Trepanaciones y cirugías sin anestesia se practicaron a través de los siglos, además de muchas otras prácticas atroces –otras no tanto– que, poco a poco, fueron haciendo avanzar la medicina. Mirando los siglos anteriores, hemos de agradecer al buen Dios que nos haya traído al mundo después de la invención de la antisepsia que previene las infecciones destruyendo los microbios. Alabemos al Señor porque hoy nuestros hospitales cuentan con anestesia y antibióticos, con refrigeración y con disponibilidad de agua corriente, lo que hace 150 años era impensable.

Somos afortunados quienes vivimos en el siglo XXI, aún en tiempos de Covid-19. La pandemia apareció muchos años después de que Ignaz Semmelweis enseñara que el lavado de las manos de los médicos con soluciones de cloro disminuía muchísimas muertes de pacientes. Y no podemos ser ingratos con la divina Providencia por esa asombrosa obstinación de Louis Pasteur que, a pesar de que tres de sus hijos perdieron la vida, él no se desanimó sino que siguió investigando, y así revolucionó la medicina con el nacimiento de la bacteriología. Es una bendición haber nacido durante, o después del siglo XX.

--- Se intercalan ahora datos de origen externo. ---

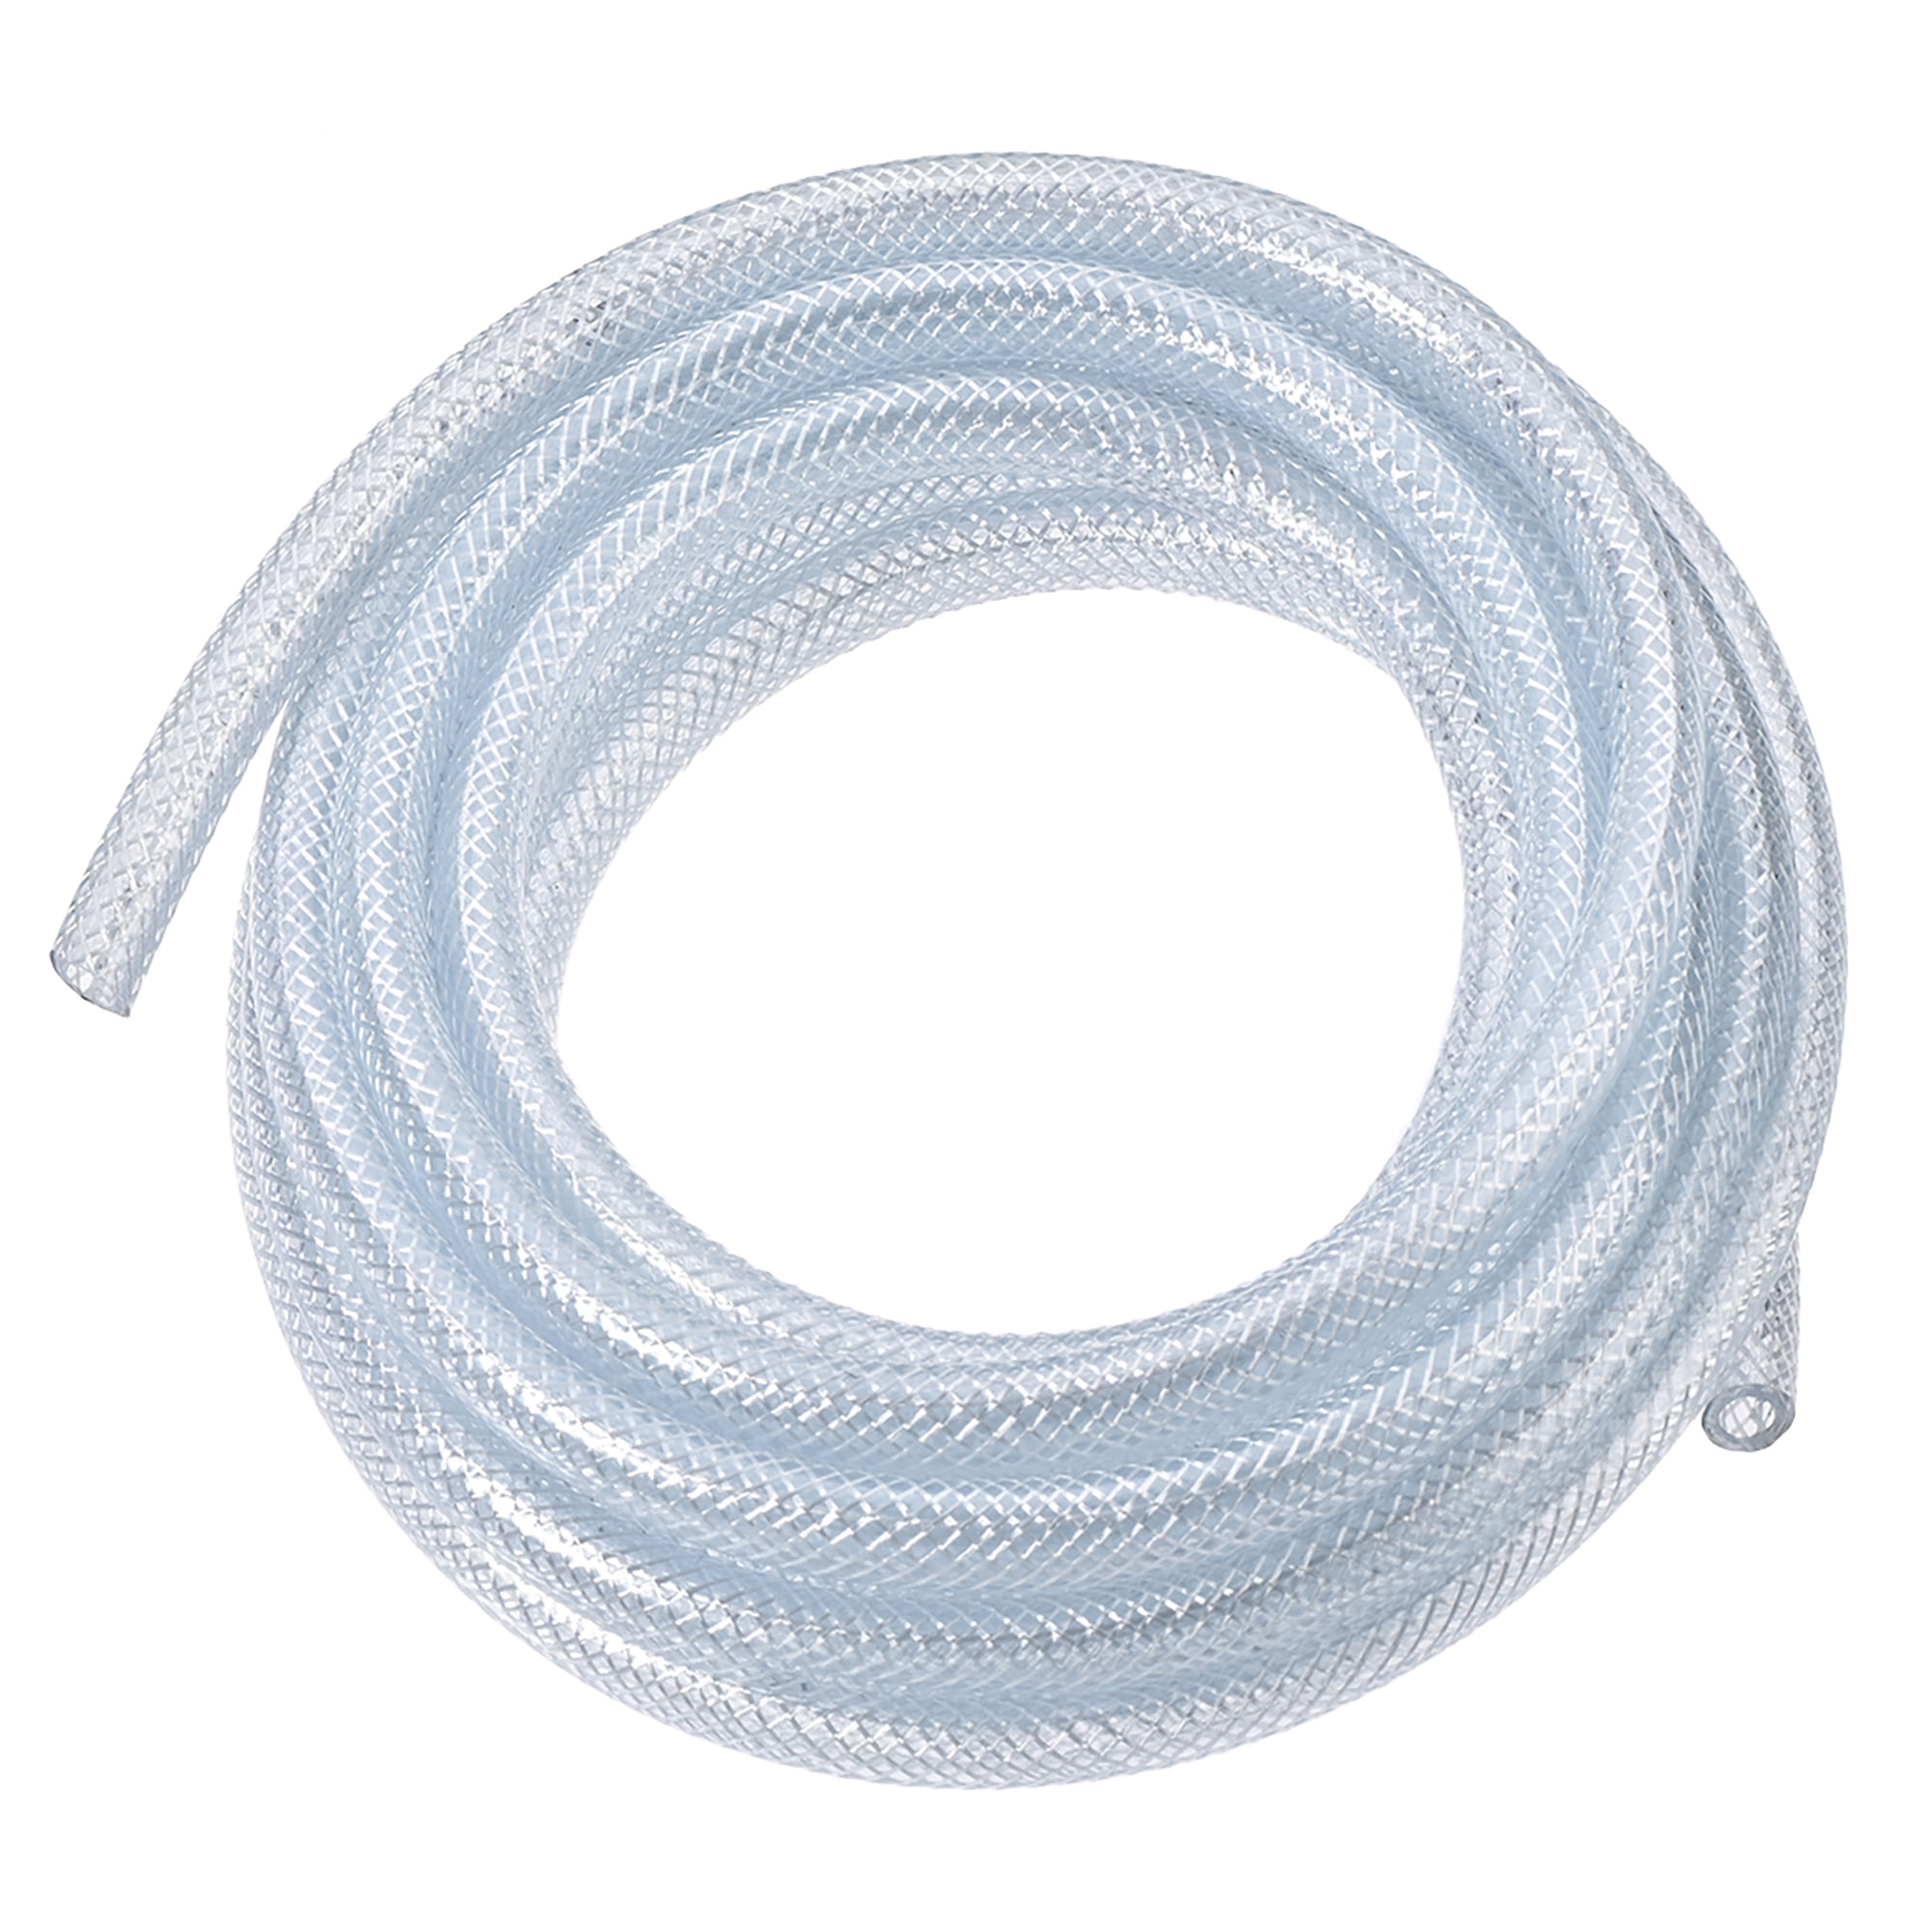 PVC Tubing 1/4-Inch x 13.1 Ft Clear Braided Flexible Heavy-Duty Hose 1 4 Inch Clear Plastic Tubing

El coronavirus aparecido en Wuhan en diciembre pasado ha puesto a los médicos de cabeza. Mientras que a principios de julio son más de siete millones de personas contagiadas en el mundo, los profesionales de la medicina siguen enfrentando a un enemigo desconocido. Uno de los sectores más afectados por el Covid-19 ha sido justamente el de la salud, en el que numerosos médicos y enfermeros han sido infectados y muchos han muerto por la enfermedad. Esto no debe descorazonarnos. Al contrario, saber que la Sabiduría de Dios dirige la historia, así como el desarrollo de la medicina para curar al hombre, es motivo para vivir en amor y gratitud.

Es cierto que quienes contraen Covid tienen que aguantar el aislamiento y, en el peor de los escenarios, la colocación de un tubo respiratorio. Atrás quedaron las cirugías a cuchillo abierto y con tragos de whiskey o fumaradas de mariguana para soportar los dolores. Aunque comparados con aquellos años hoy estemos en un edén, hemos de orar por el avance de la ciencia médica así como por los profesionales de la salud. Ellos luchan hoy contra el miedo de quedar contagiados de Covid, porque se sienten llamados por Dios a cuidar nuestras vidas. Descubramos en ellos la obra silenciosa del Christus medicus. A nuestros médicos, enfermeros, camilleros, laboratoristas y personal de las ciencias de la salud sea dada toda nuestra gratitud, respeto, cariño y oración.